An important fact to remember is that oxen were also fitted with iron shoes. In the case of oxen, the animals have cloven (paired) hoves. These have a much thinner side wall, so need considerably more care in the fitting with nails. An ox is not easily able to maintain balance on three feet, so must have shoes fitted with the animal laying down, or supported in a sling (within a suitably heavy frame).

Saint Dunstan and the Devil

From : The True Legend of St. Dunstan and the Devil
Author: Edward G. Flight - 1871
Illustration by George Cruikshank

I’m sure you all know this one - that a horse shoe, nailed above an entrance door, is good luck.

“ Legend credits St. Dunstan with having given the horseshoe, hung above a house door, special power against evil. …
Dunstan was a blacksmith and he became the Archbishop of Canterbury in 959 A.D. … was born near Glastonbury in England.

St. Dustan was one day visited by a man who the saint quickly recognized as the devil.
The devil asked him to attach horseshoes to his cloven hooves. St. Dustan did what he was told but he also explained that to perform the service he would have to shackle the devil to the wall. The blacksmith deliberately made the job so excruciatingly painful that the bound devil repeatedly begged for mercy. St. Dunstan refused to release him until he gave his solemn oath never to enter a house where a horseshoe was displayed above the door. ”


St Dunstan is also considered the patron saint of blacksmiths. ( 8 )

Like so many Christian saint’s tales, it is hard to know when this story entered into folklore. Certainly well after the death of Dustan (in 988) and most likely after his canonization in 1029 AD.

One consideration in tracing  the transition of this fable into folklore is that the original tale (oldest record being about 1125-1150 AD) states cloven hoof (my underline in the text above). As described, paired oxen shoes are quite different in both shape and use than the crescent shaped horse shoe. The country folk who would have been most like to follow the folk practice would most certainly have been quite aware of the difference. Oxen would continue in common service on farms through well into the Settlement Era, both in Europe and North America.

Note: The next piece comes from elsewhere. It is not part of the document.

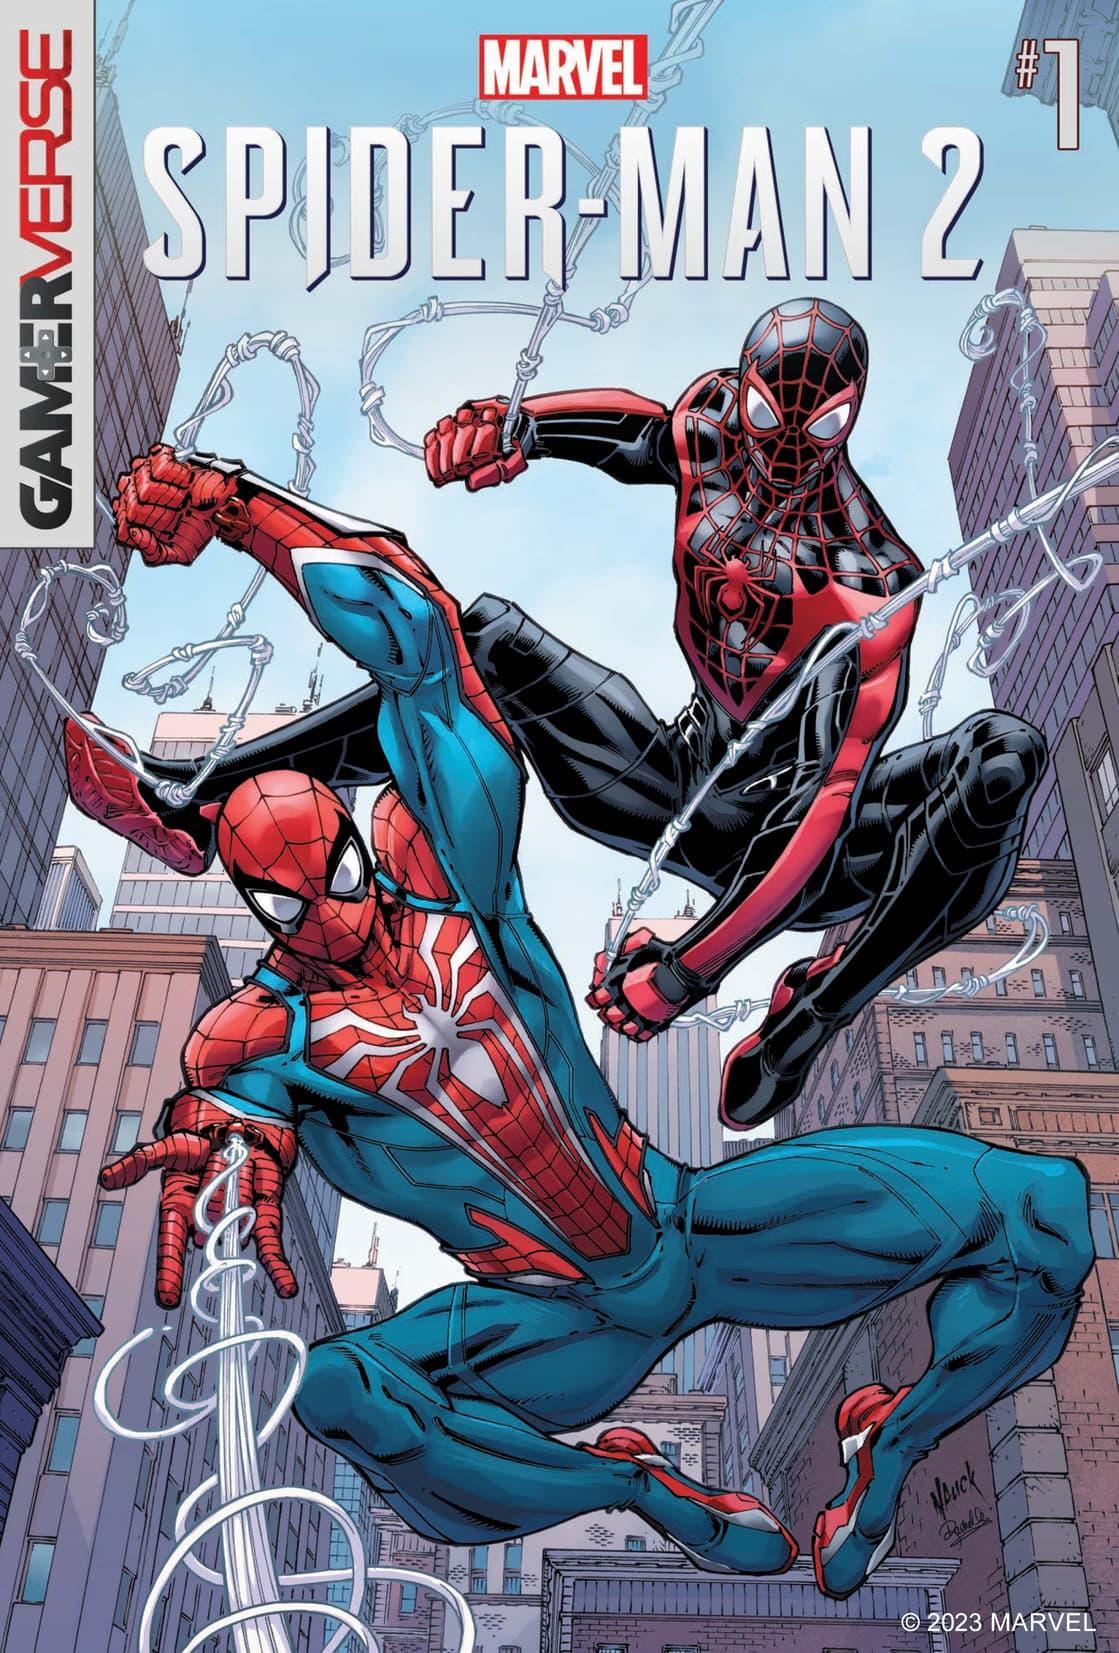 marvels-spider-man-2-fcbd-cover.jpg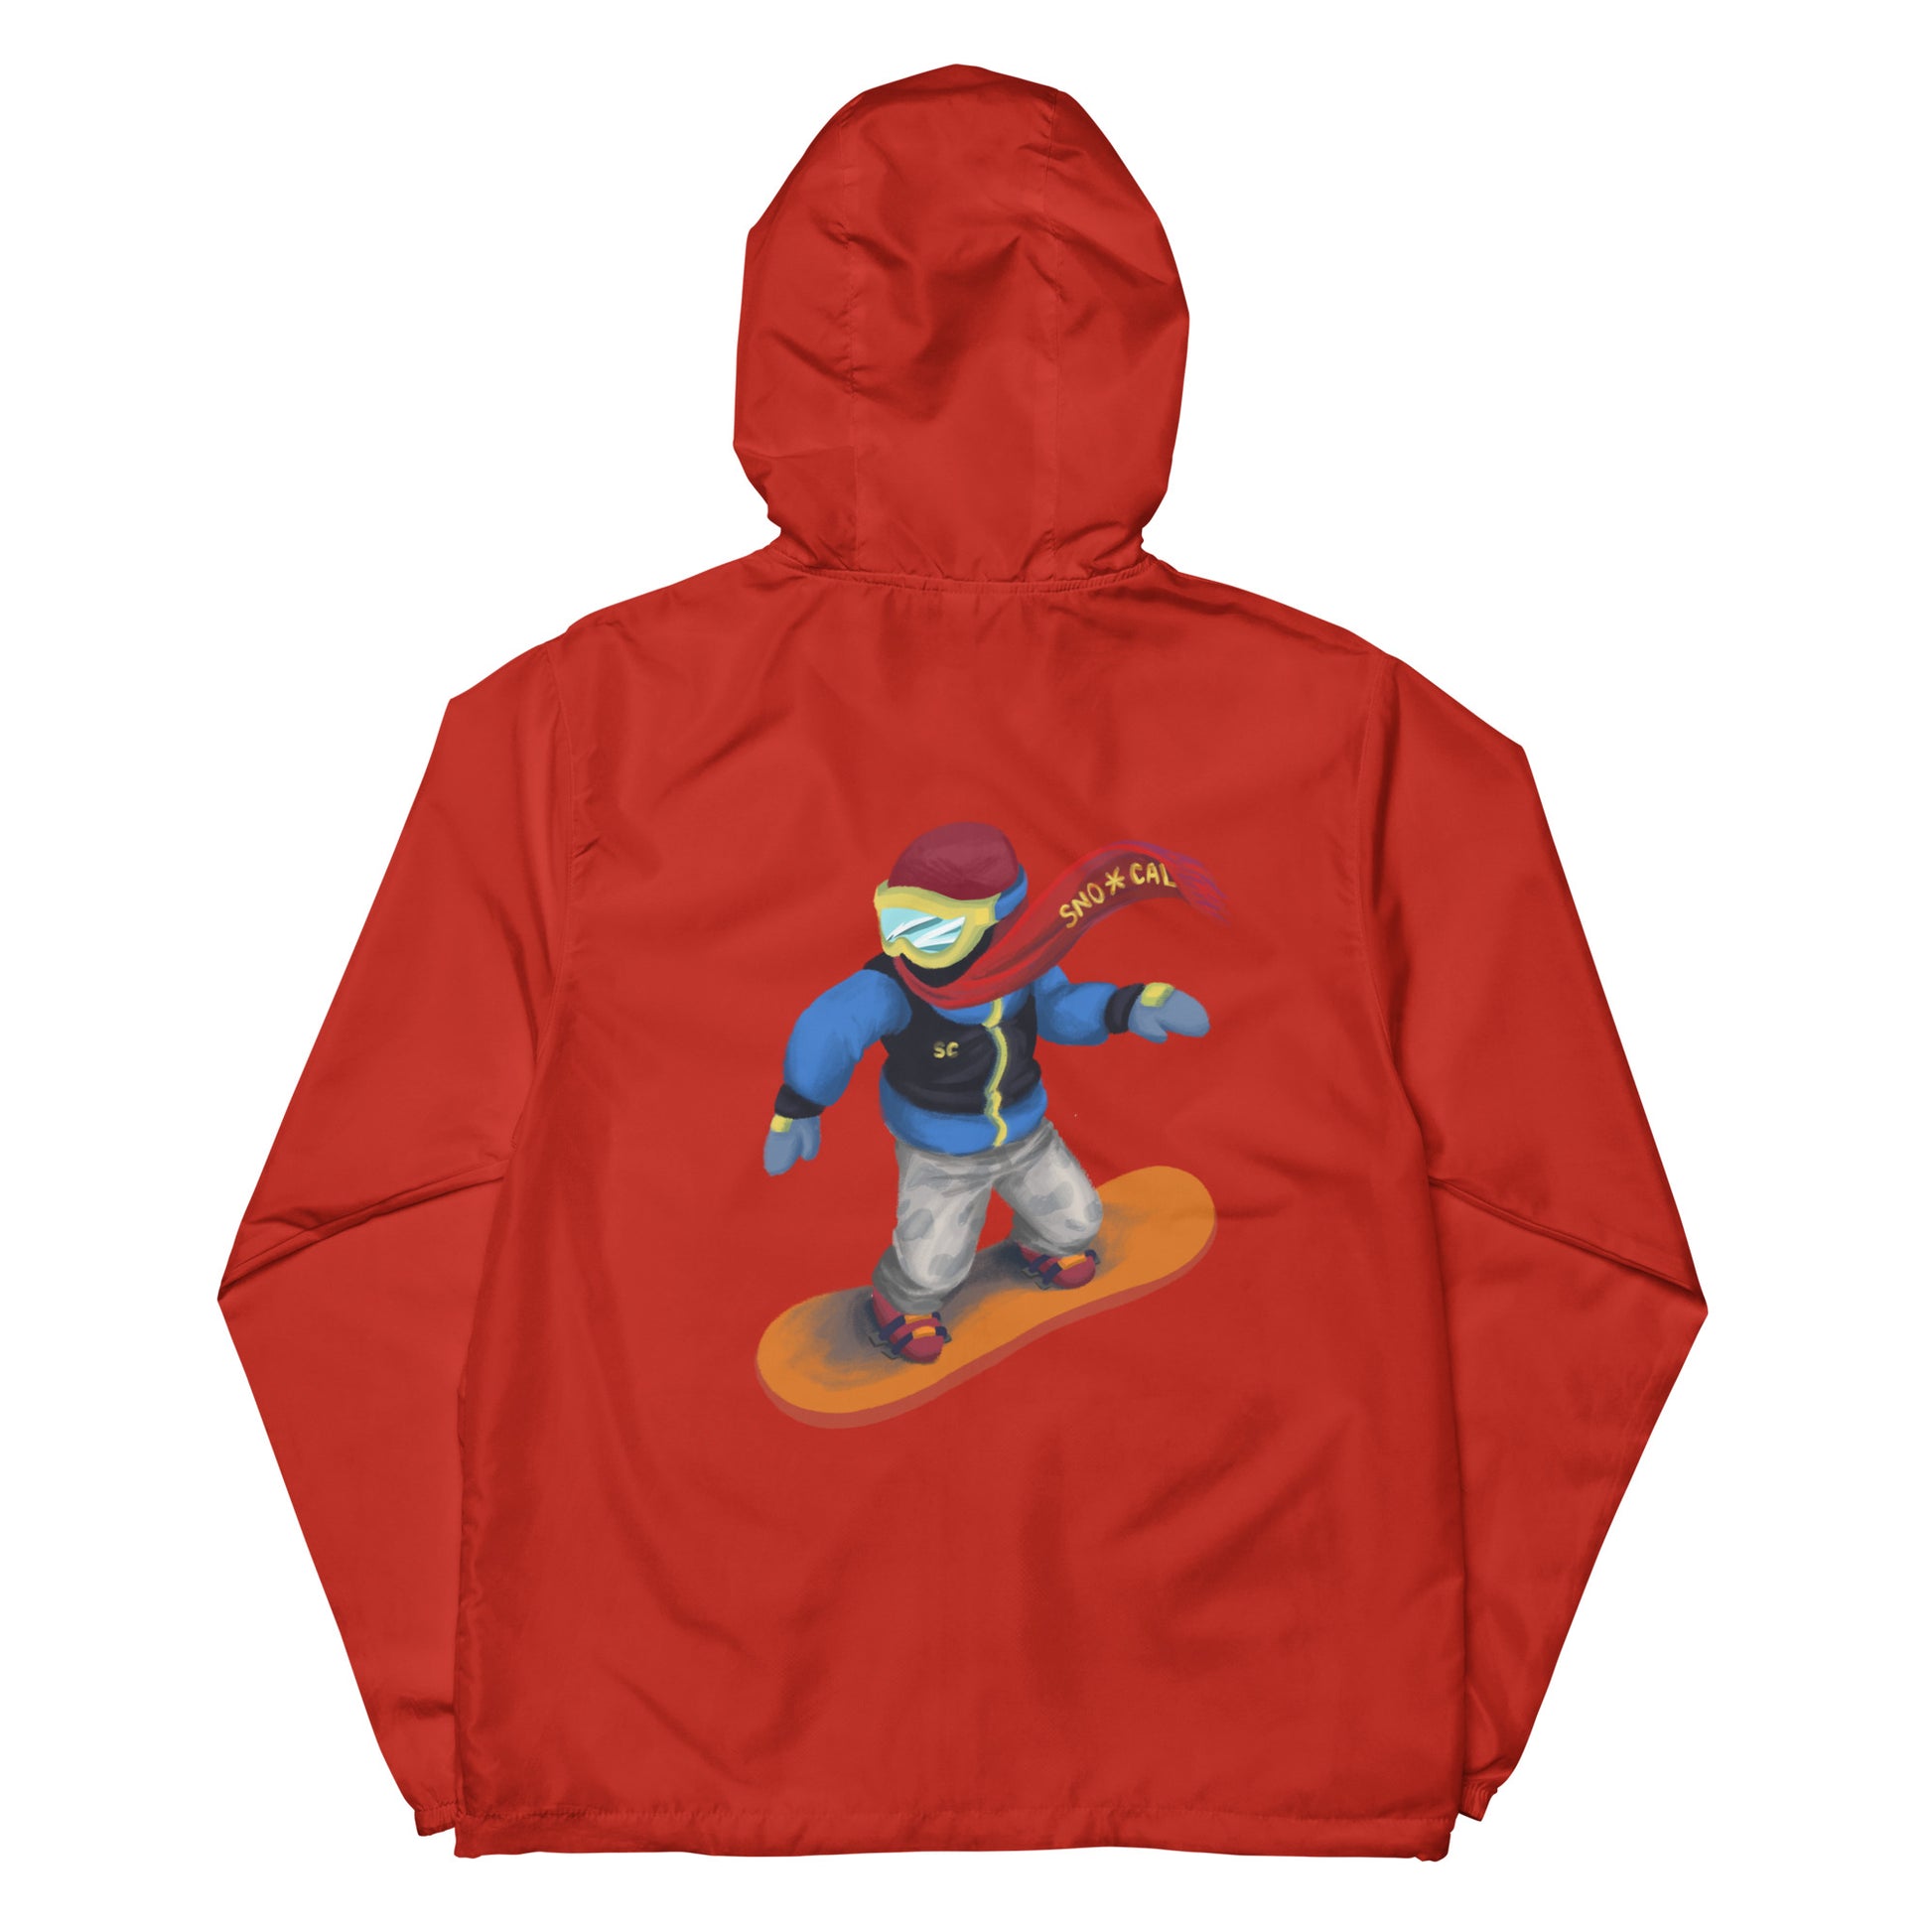 red snowboard emoji hoodie with zipper

Any way you look at the evidence, this suggests the connection between iron horse shoes and good luck must be at the very least a Medieval invention. In absence of any documentation, I find it hard not to see the hand of the Victorians at work here?

There does appear to be regional folklore differences about what direction you position the shoe. In one, the shoe is like a bucket containing luck, so you fix the shoe open end up. In the other (notably Irish) the shoe is an endless source, so you fix the shoe tips down, so as to shower luck on all who enter.

An old iron wind chime in the shape of a horseshoe with 3 bells. 

Used as a good luck charm.
attributed to ‘Lala Love'

‘Lucky Horseshoes’ remain a stock item for gift shops, and annoyingly (because they sell), found at many living history museums. When I was the blacksmith / interpreter at Black Creek Pioneer Village, we sold commercial ‘keg’ pony shoes right in the shop.

Is this representative of Blacksmithing?
Presented with the background - I’ll let you decide.

1) Ancient Egyptian descriptions of iron as ‘Sky Metal’ is quite unlikely to actually refer to linking found iron meteorites to those uncommon streaks in the night sky. The rare finds of iron, were considered ‘from the gods’ - and of course the gods themselves dwell in the sky.
The Chinese appear to have been the first to link the sky display to found stones, later the Arabs, with the Europeans not making the connection until relatively recent times (late Medieval at the earliest) The myth in popular culture of swords knowingly forged from ’Star Stones’ is completely incorrect in making this specific connection - completely unknown to the possible weapons-smiths who might have forged Excalibur.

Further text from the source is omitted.